STORED DATA: Begin
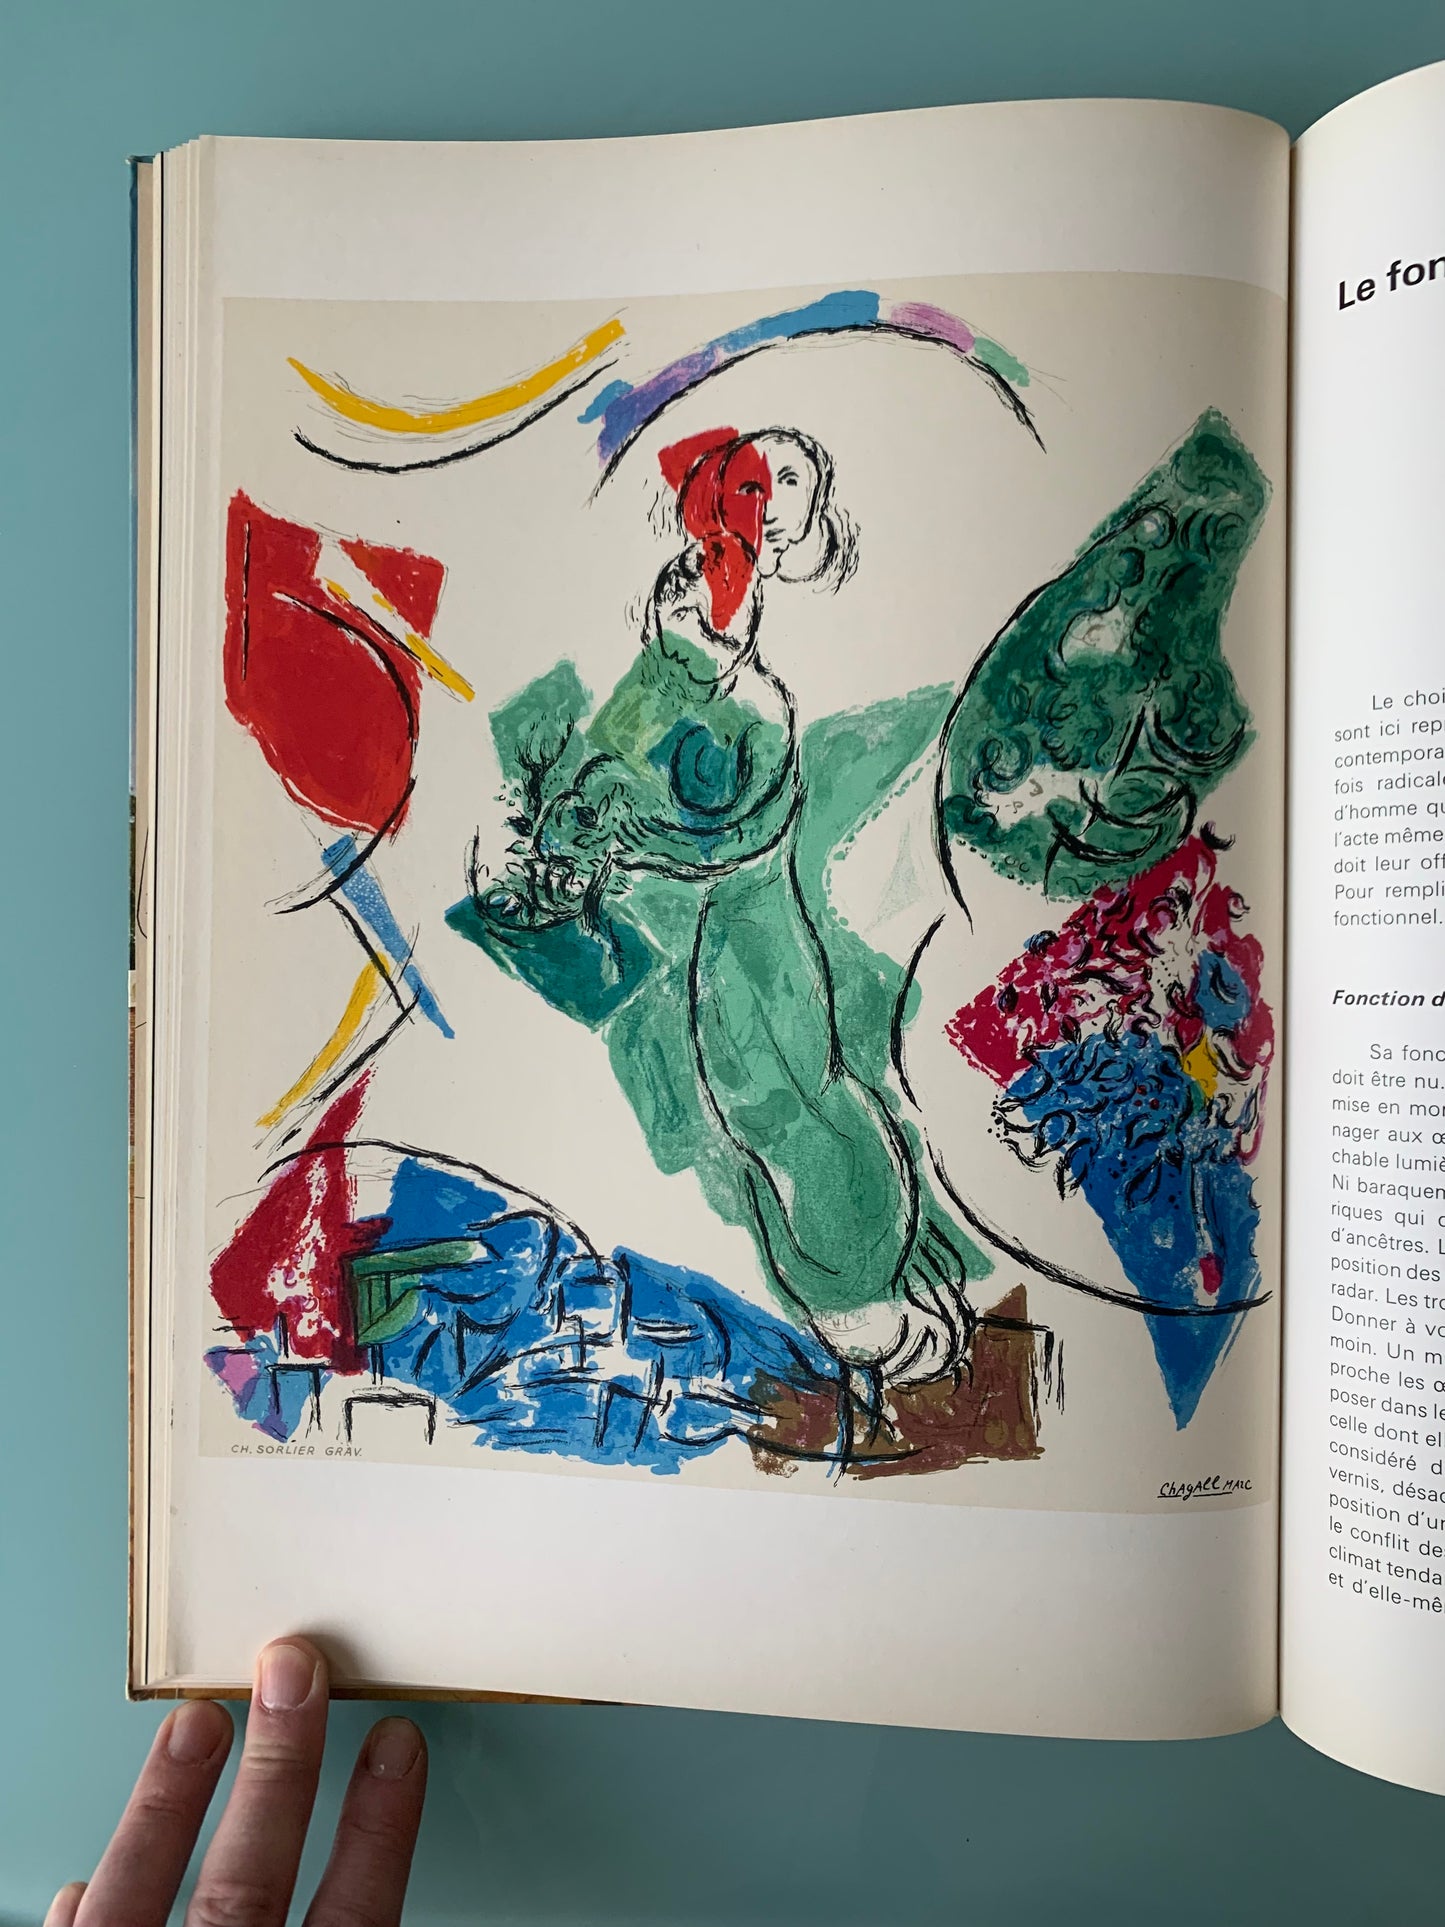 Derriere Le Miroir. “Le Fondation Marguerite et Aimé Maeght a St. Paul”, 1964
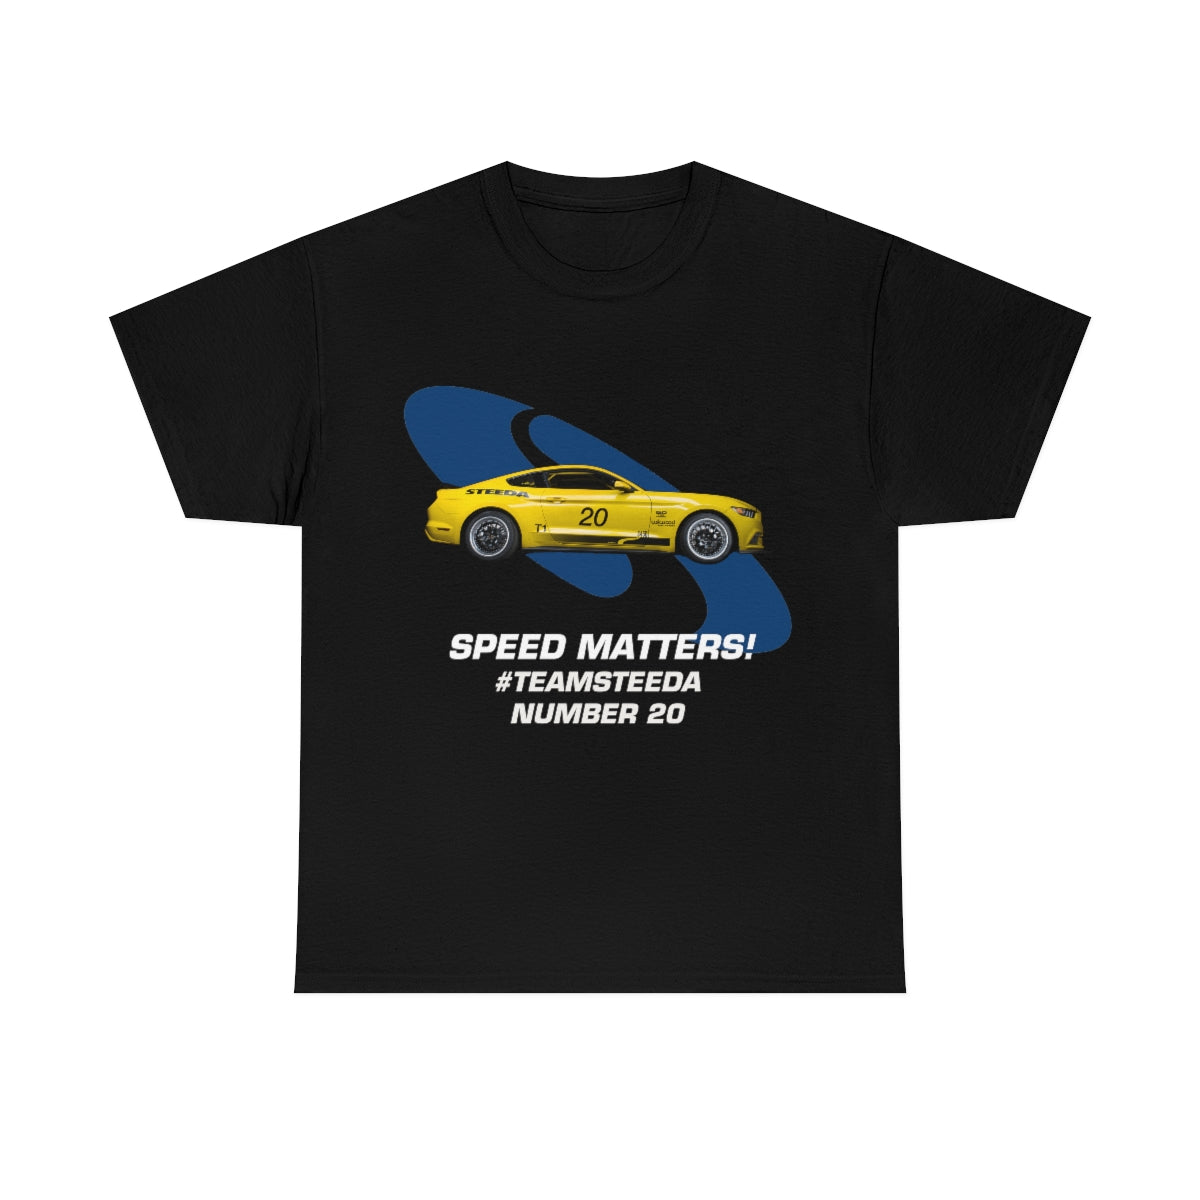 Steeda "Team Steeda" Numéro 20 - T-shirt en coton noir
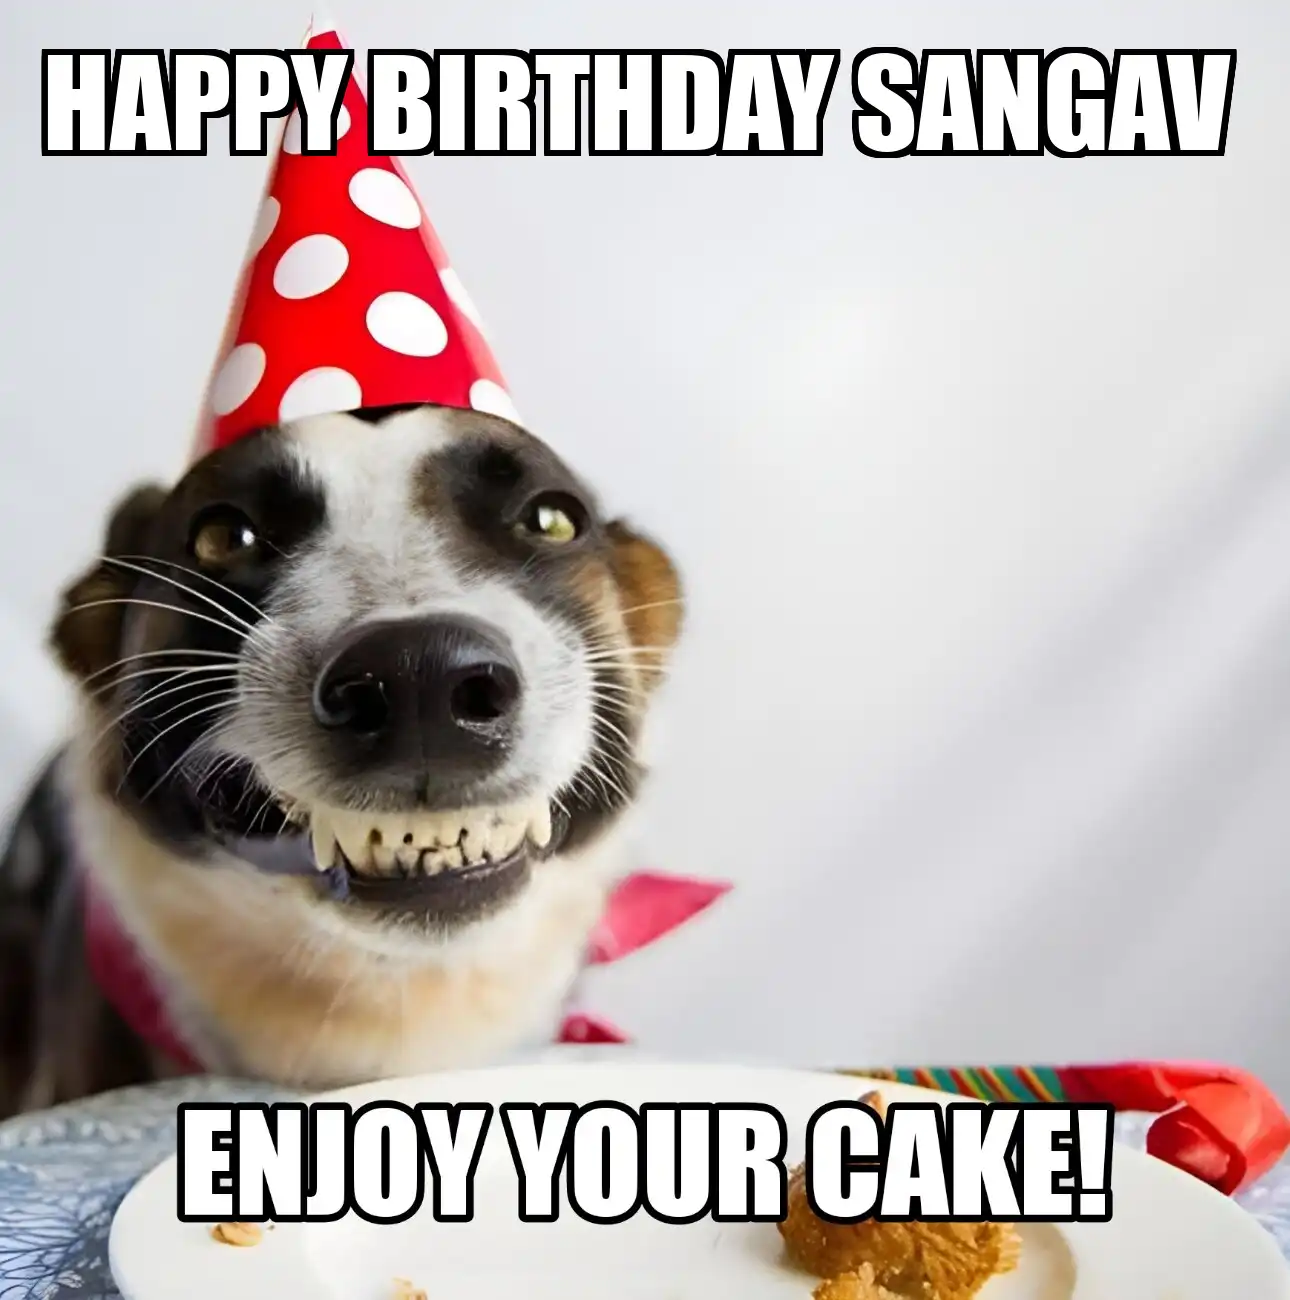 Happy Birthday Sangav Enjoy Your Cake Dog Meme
STORED DATA: End
* ACTIVITY *
Your answer must be only the lines from the one that holds "en coton noir" to the end of the listing, each restated word for word, with both ends kept and pictures left out.

* EXERCISE SOLUTION *
 Steeda "Team Steeda" Numéro 20 - T-shirt en coton noir
 Happy Birthday Sangav Enjoy Your Cake Dog Meme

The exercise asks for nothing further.